◆ **Task goal**
For this exercise, write out only the lines of the entries below from the one with "Nick Kyrgios and" up to and including the one with "Ανδρικό παντελόνι φόρμας", exactly as they are. Pictures stay out.

◆ **Task inputs**
═══
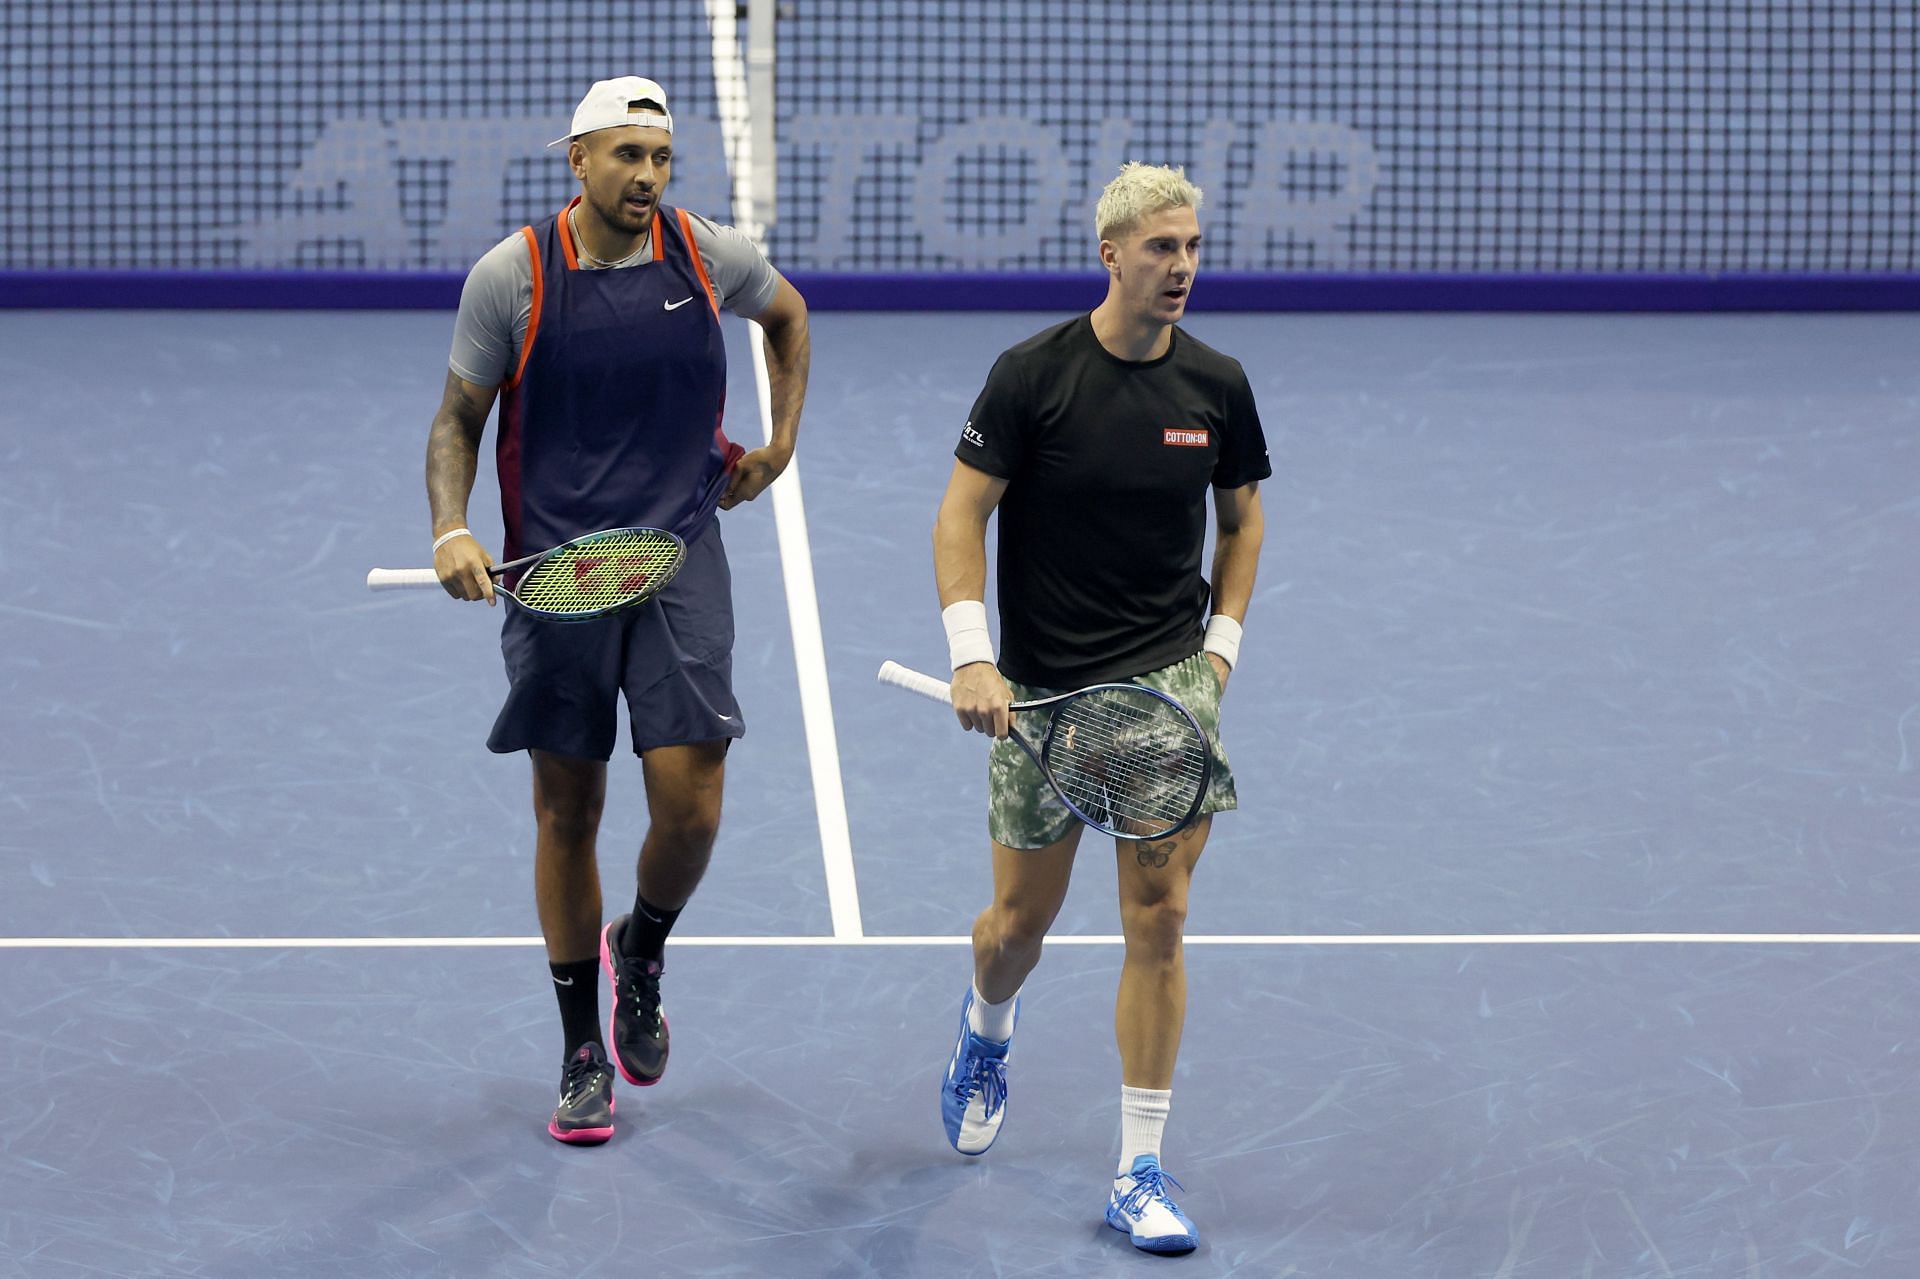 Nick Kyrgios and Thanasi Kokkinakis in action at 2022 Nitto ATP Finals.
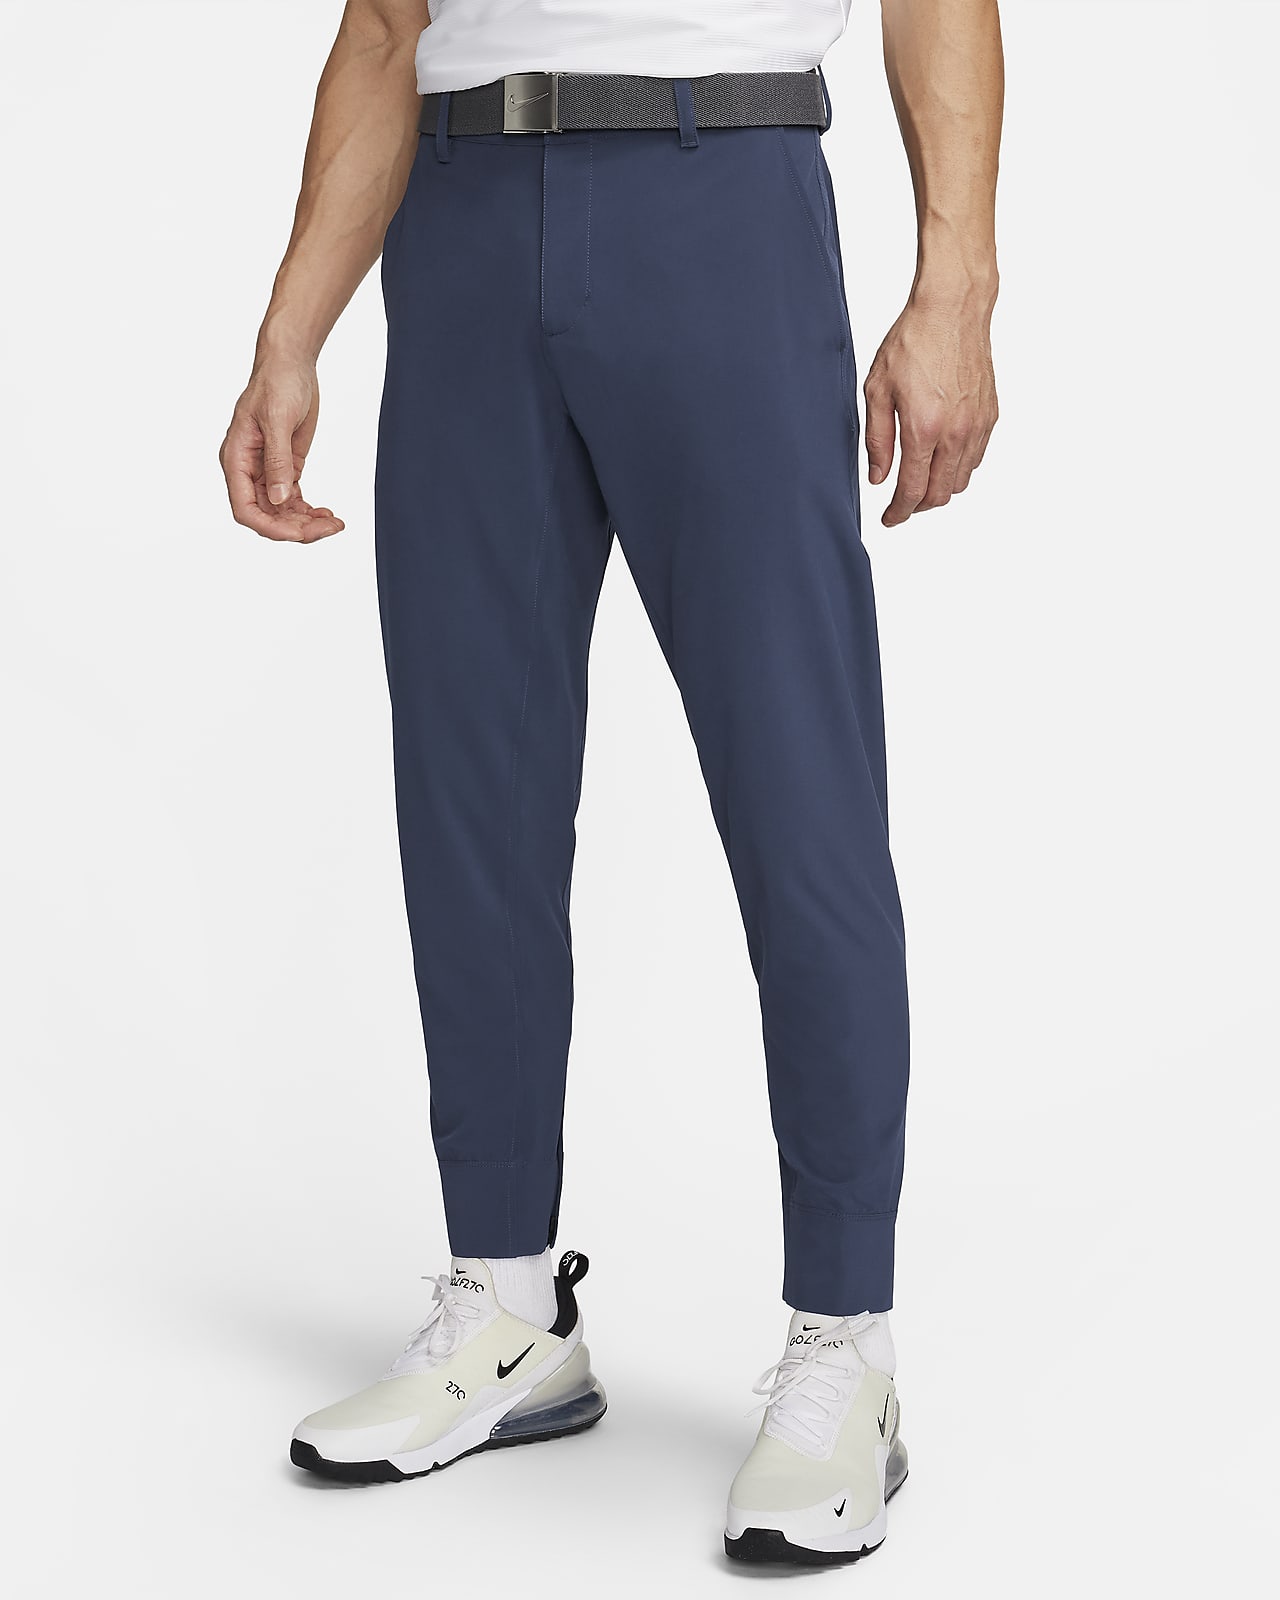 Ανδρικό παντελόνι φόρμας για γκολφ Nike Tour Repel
═══
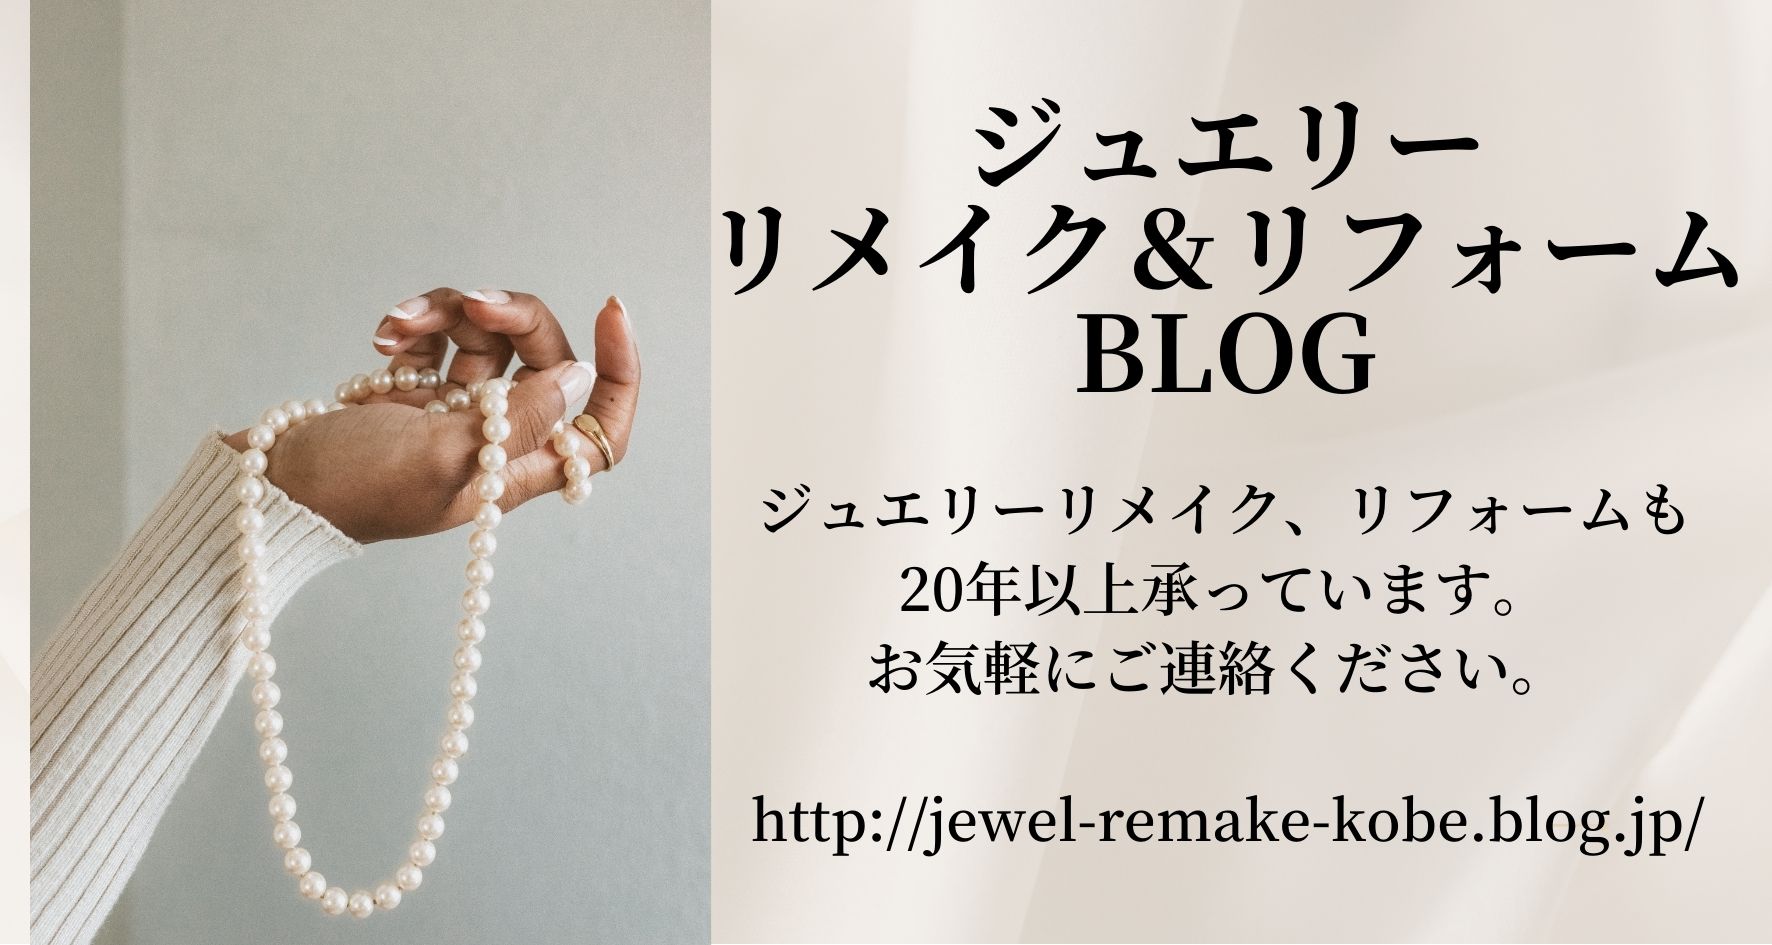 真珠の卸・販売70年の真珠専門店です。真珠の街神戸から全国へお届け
═══
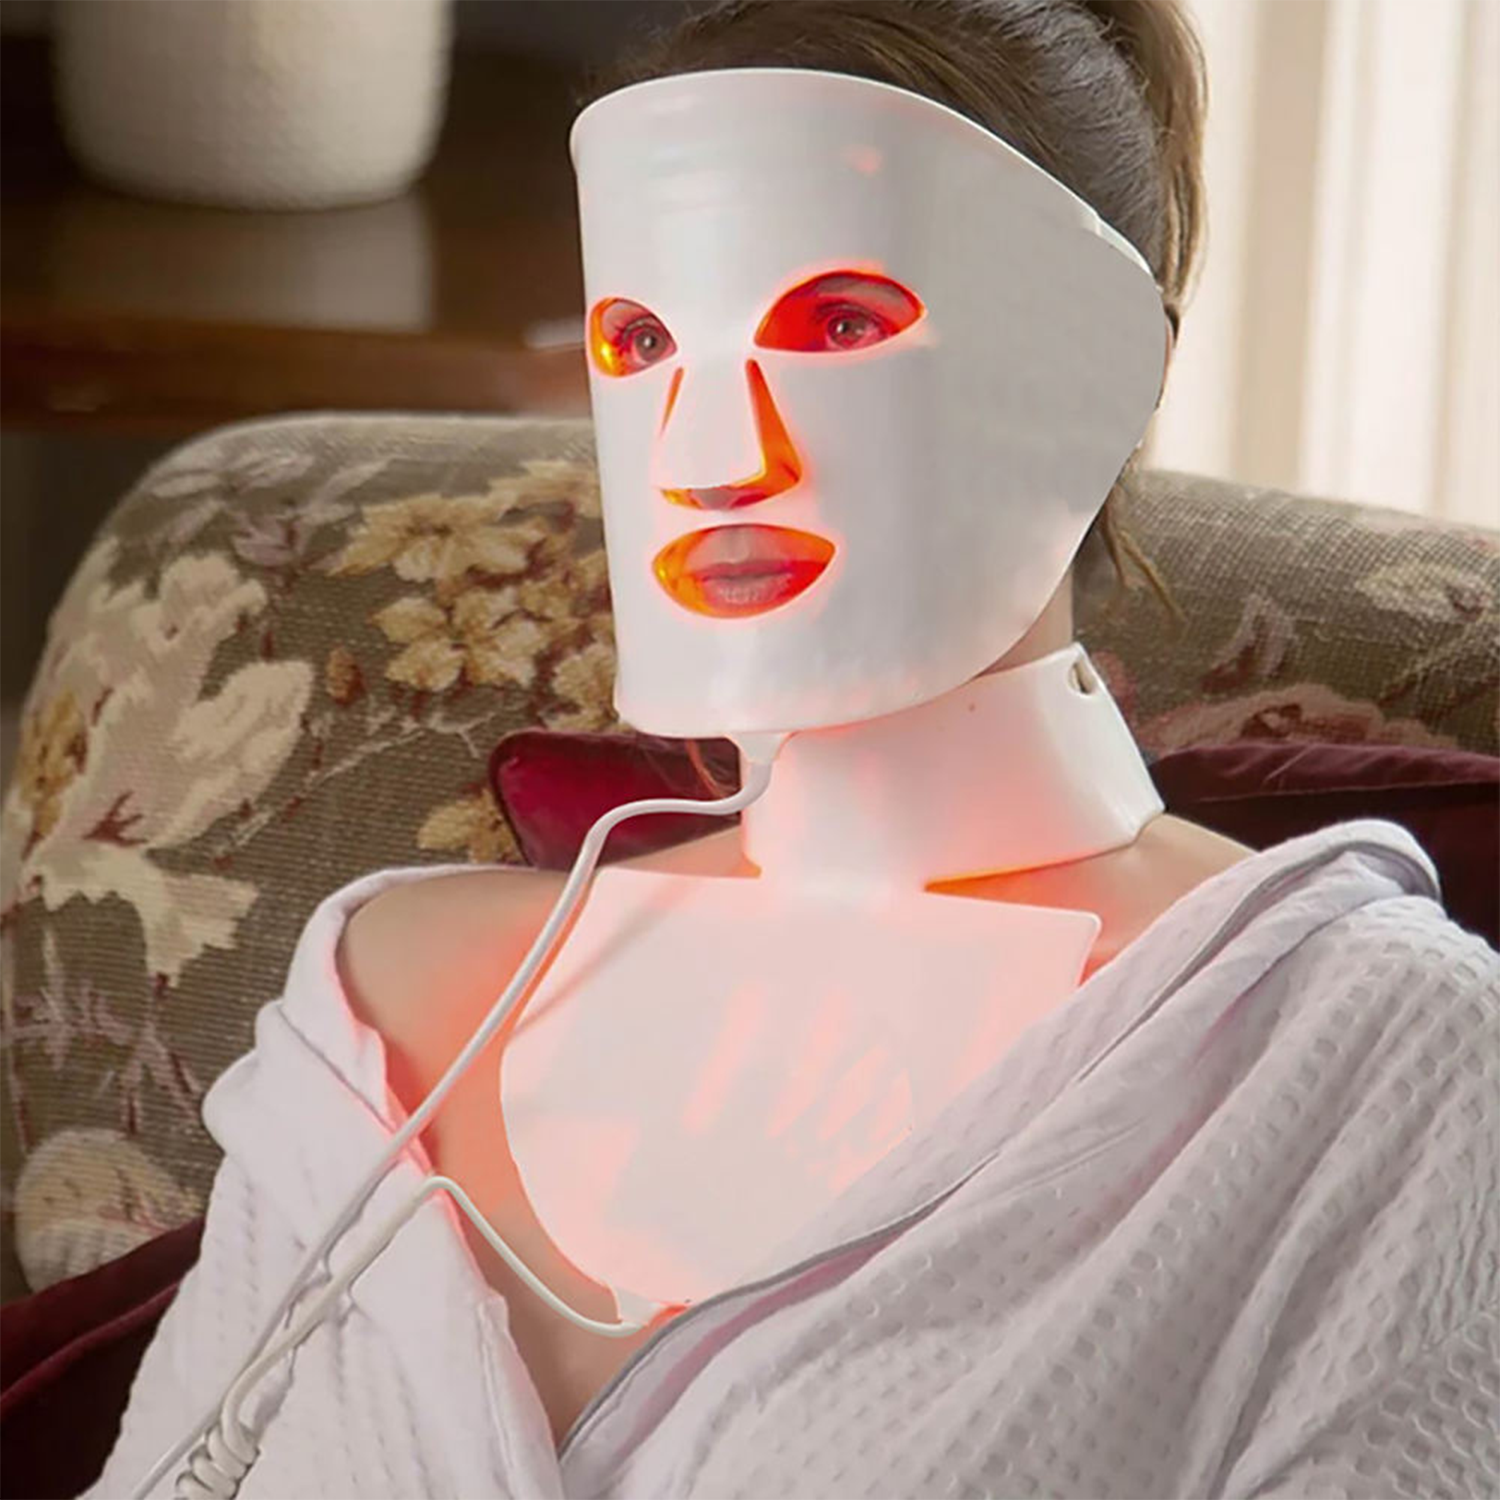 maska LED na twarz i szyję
═══
◆ **Reply to the task**
 Nick Kyrgios and Thanasi Kokkinakis in action at 2022 Nitto ATP Finals.
 Ανδρικό παντελόνι φόρμας για γκολφ Nike Tour Repel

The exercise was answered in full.